A liberdade de imprensa em todo o mundo está a ser ameaçada pelas mesmas pessoas que deveriam ser o seu guardião, as autoridades políticas. Em Moçambique, “a reeleição de Filipe Nyusi e o frágil acordo de paz com antigos rebeldes não abrandaram o preocupante declínio da liberdade de imprensa”.
A conclusão é do Índice Mundial de Liberdade de Imprensa 2024: Jornalismo sob pressão política divulgado nesta sexta-feira, 3 de Maio, Dia Internacional da Liberdade de Imprensa, pela organização não governamental Repórteres Sem Fronteiras (RSF), que regista uma queda média global de 7,6 pontos.
Moçambique registou uma descida de três posições, ocupando agora o 105.º lugar. Contudo, entre os países africanos de língua portuguesa, o destaque vai para Angola que deixou o grupo de Estados em situação difícil para problemática e subiu da 125a. posição em 2023 para 104a. em 2024, num total de 180 analisados.
Os demais lusófonos em África, segundo uma publicação da VOA, caíram no Índice.
Cabo Verde continua a ser o melhor colocado e o único que integra o grupo de países em situação satisfatória, mas caiu oito lugares, da 33a. posição para 41a.

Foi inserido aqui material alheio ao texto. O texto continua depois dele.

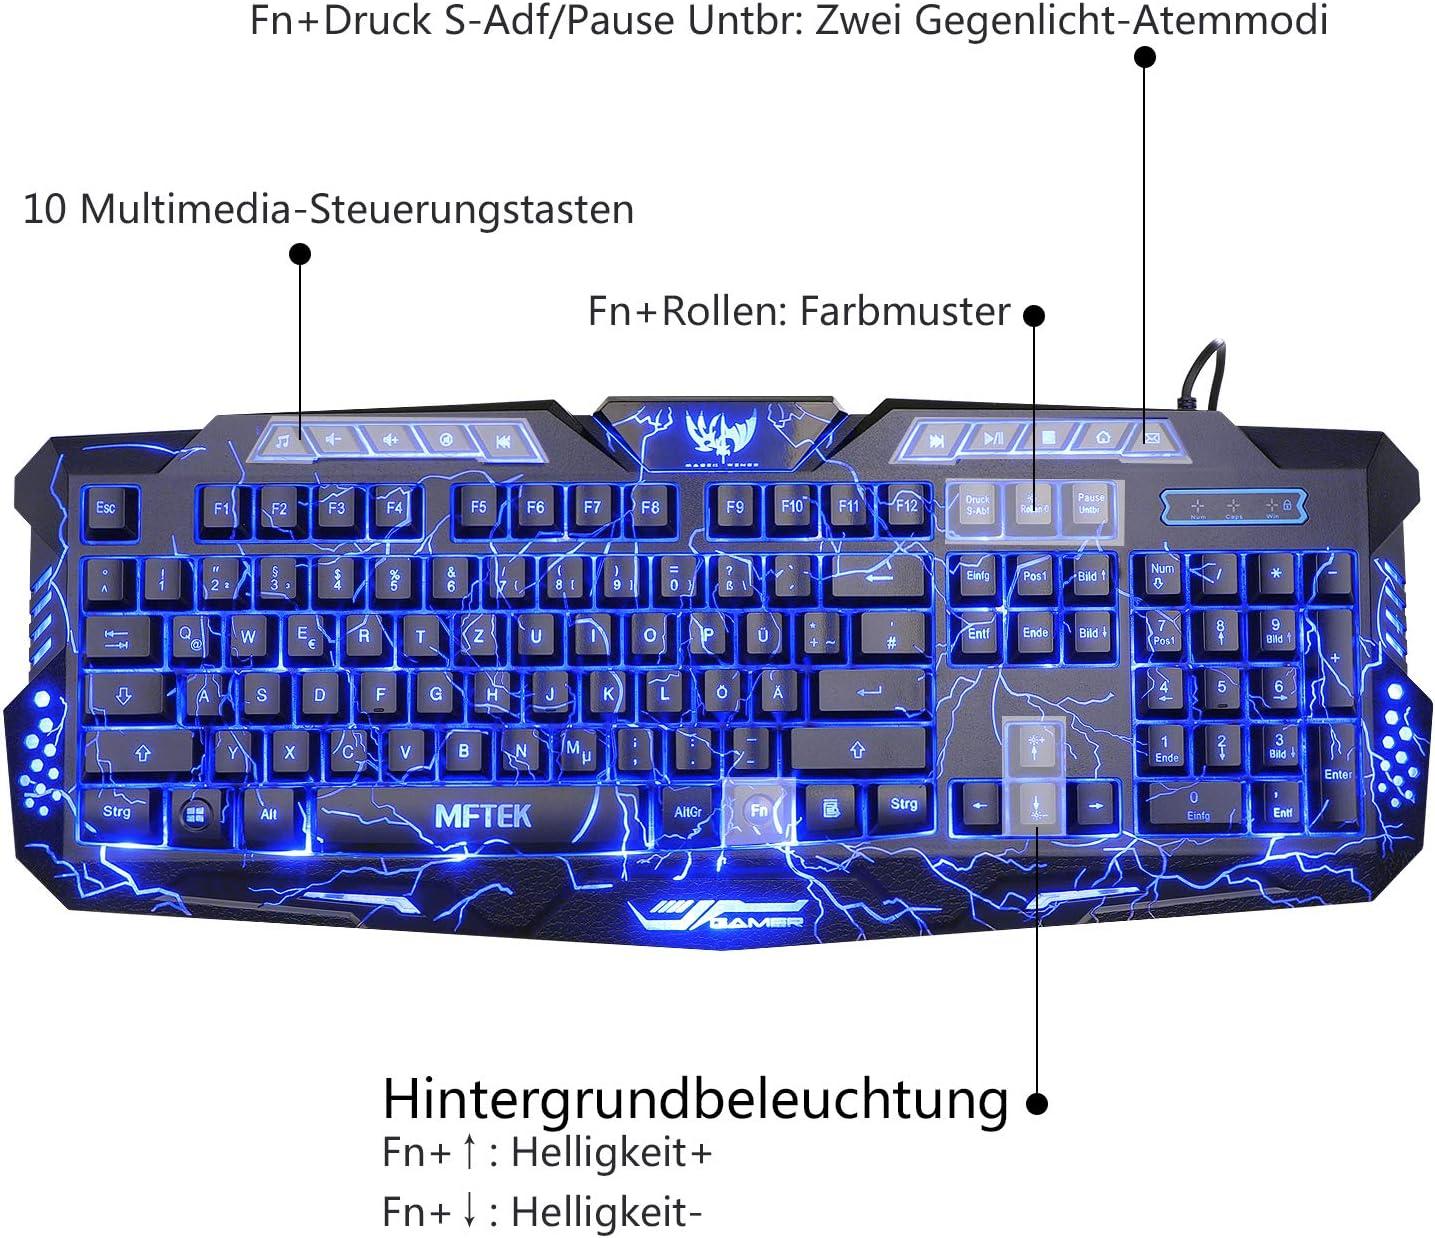 mftek USB Crack Azul LED Backlit Luminous illuminated Gaming Teclado y Ratón Set para Laptop Desktop Gamers with mouse pad (13 inch * 9 inch) negro ...

A Guiné-Bissau passou do 78o. lugar para o 92o., menos 14 lugares, Moçambique, desceu da posição 102 para 105, menos três lugares, e ambos continuam no grupo de países em situação difícil.
São Tomé e Príncipe não foi incluído no Índice.

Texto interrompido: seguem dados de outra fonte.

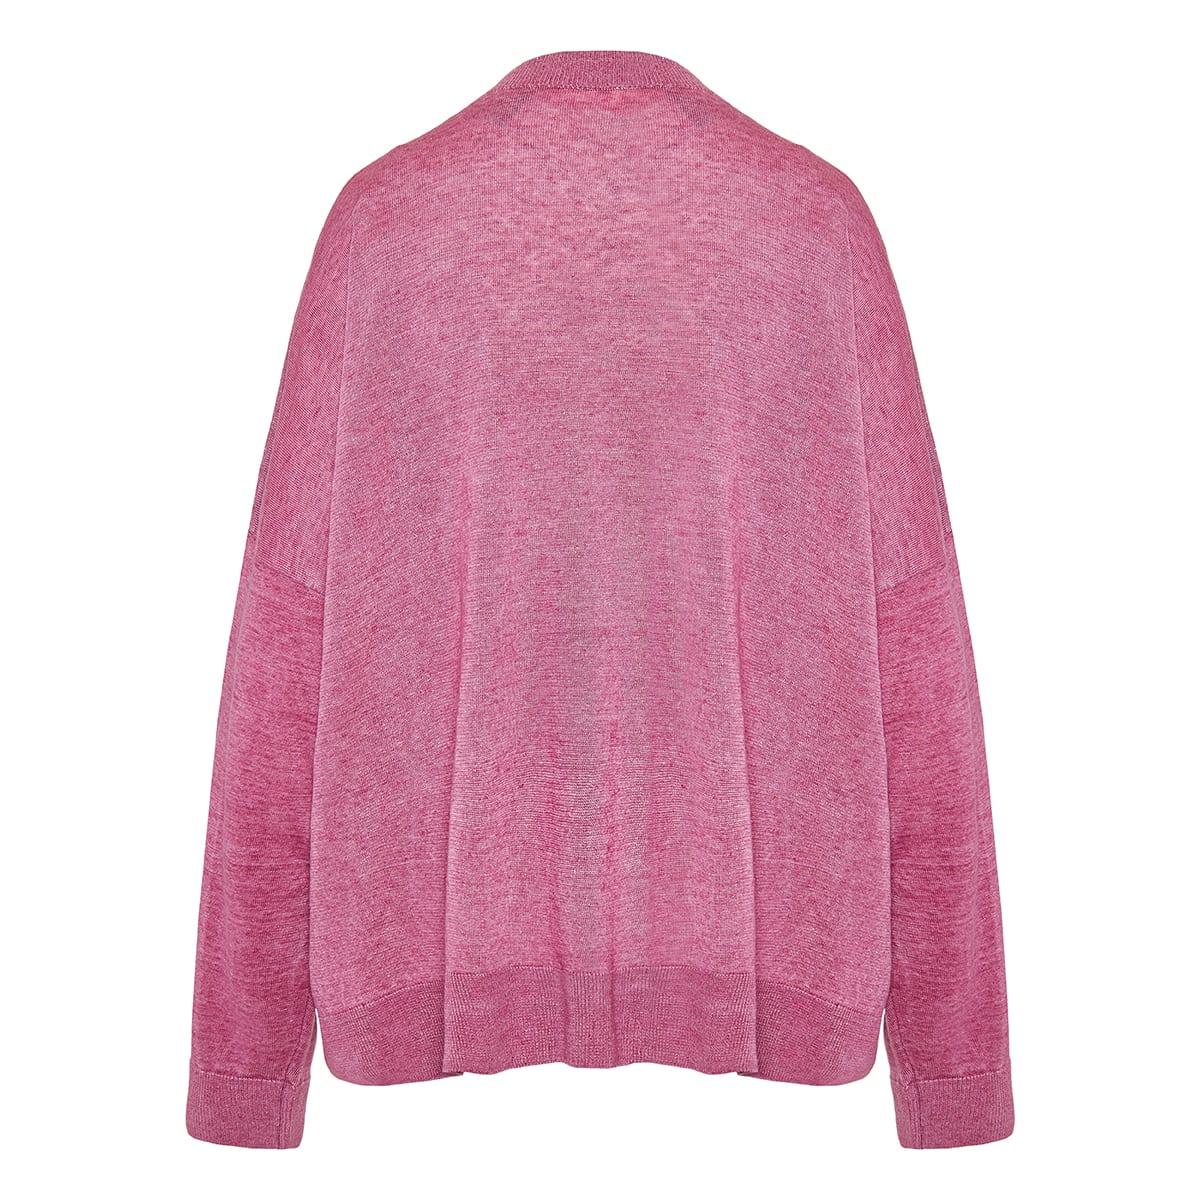 Logo jacquard linen sweater
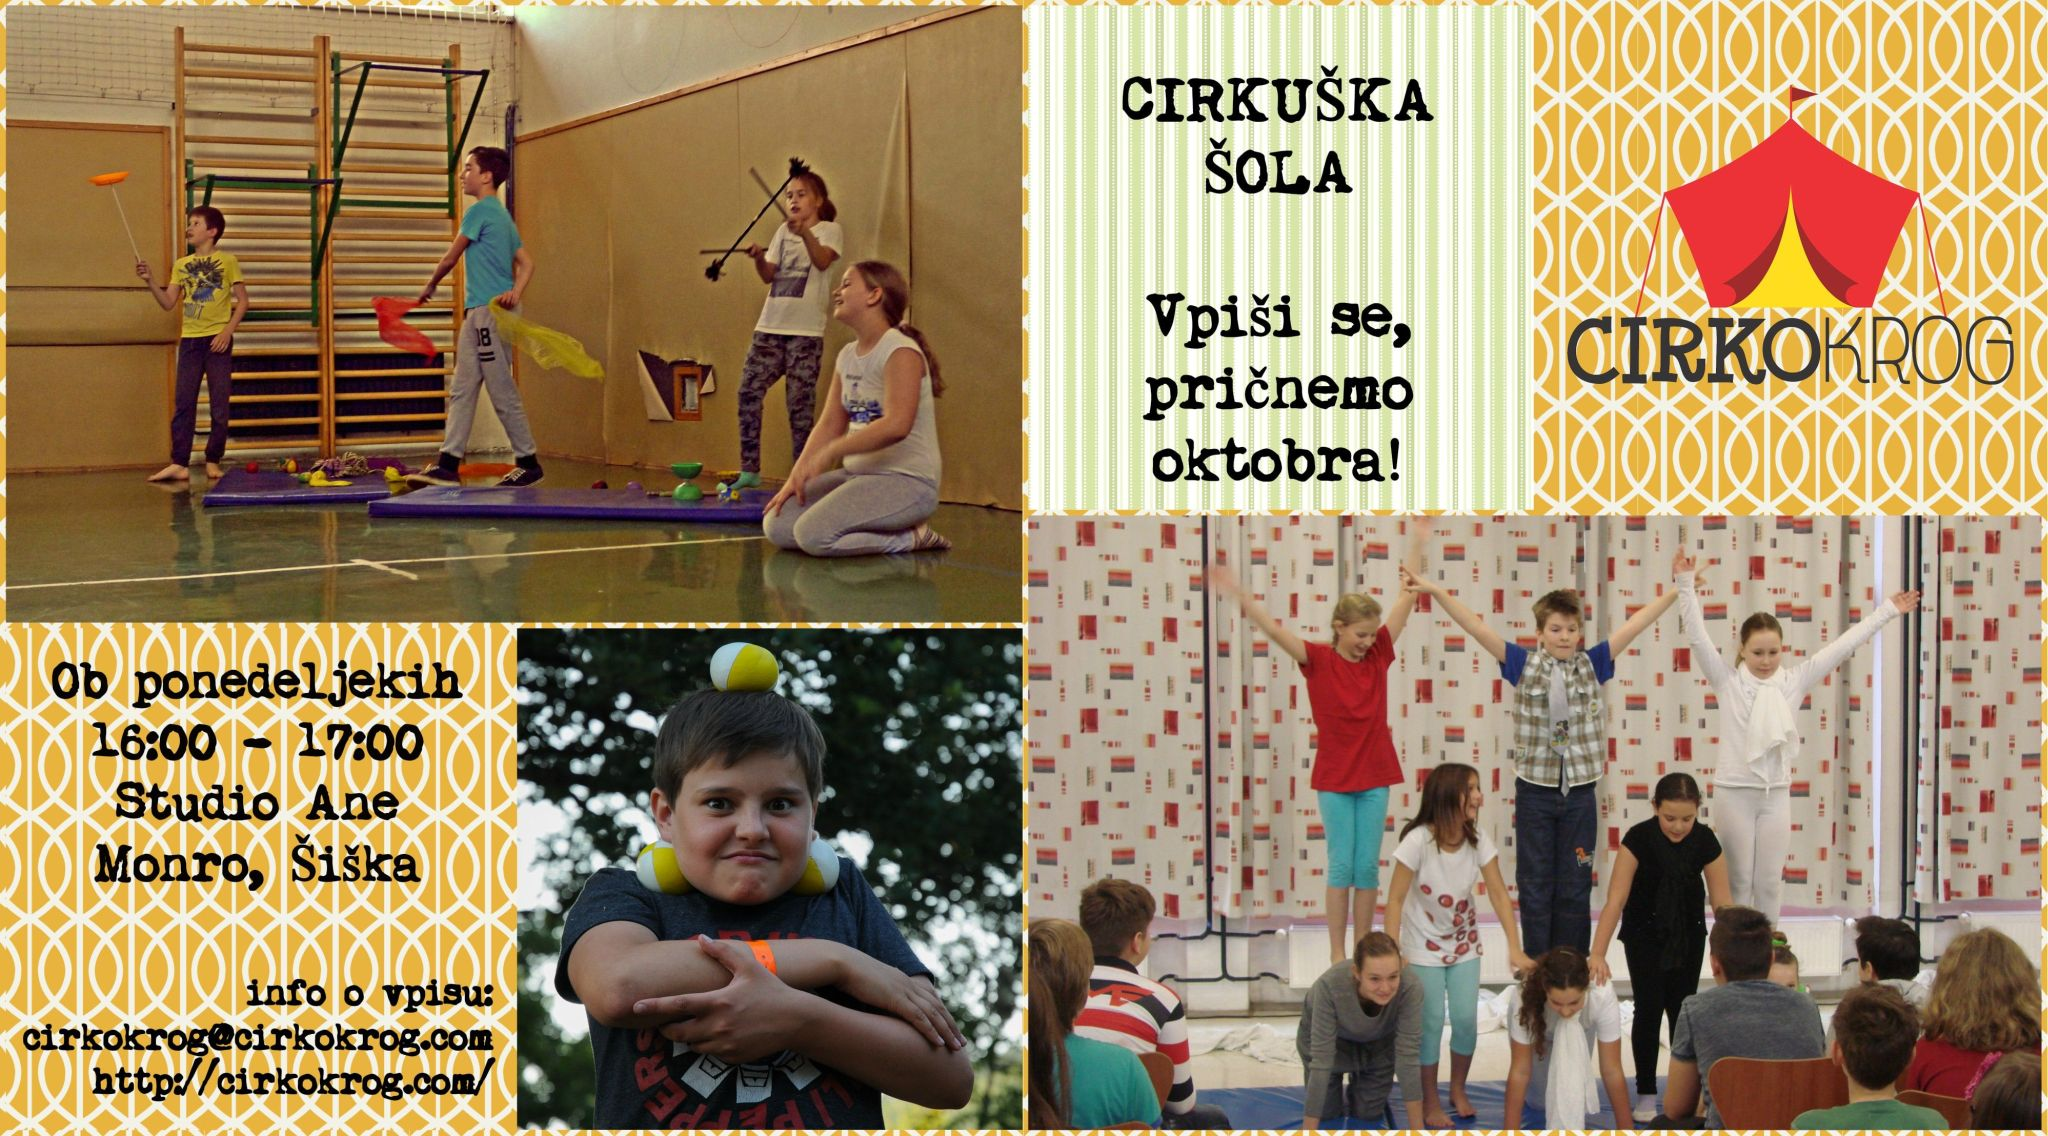 cirkuska-sola

Na análise por países, embora ainda muito breves, o documento diz que em Angola, “a posse de um novo Presidente, João Lourenço, em Setembro de 2017, pós fim a quatro décadas de Governo da família Dos Santos, mas não marcou um ponto de viragem para a liberdade de imprensa” e sublinha que “a censura e o controlo da informação ainda pesam sobre os jornalistas angolanos”.
Na Guiné-Bissau, dizem os RSF, a “acentuada deterioração da segurança dos profissionais da comunicação social, combinada com pressões políticas e económicas, pôs à prova a prática do jornalismo nos últimos anos”.
Em Moçambique, “a reeleição de Filipe Nyusi e o frágil acordo de paz com antigos rebeldes não abrandaram o preocupante declínio da liberdade de imprensa”.
O Índice ressalva que “Cabo Verde destaca-se na região por um ambiente de trabalho favorável aos jornalistas, a liberdade de imprensa é garantida pela Constituição”, no entanto, os chefes dos meios de comunicação estatais, que dominam o panorama mediático, são nomeados diretamente pelo Governo”.
Os guardiões da liberdade falharam
A nível global, a organização não governamental com sede em Paris faz notar no relatório que “este ano é notável uma clara falta de vontade política por parte da comunidade internacional para fazer cumprir os princípios de proteção dos jornalistas, especialmente a Resolução 2222 do Conselho de Segurança da ONU, com violações contra jornalistas e meios de comunicação social desde Outubro de 2023”.
Mais de 100 repórteres palestinianos foram mortos pelas Forças de Defesa de Israel, incluindo pelo menos 22 no decurso do seu trabalho, destaca o Índice, que coloca a Palestina no 157º lugar.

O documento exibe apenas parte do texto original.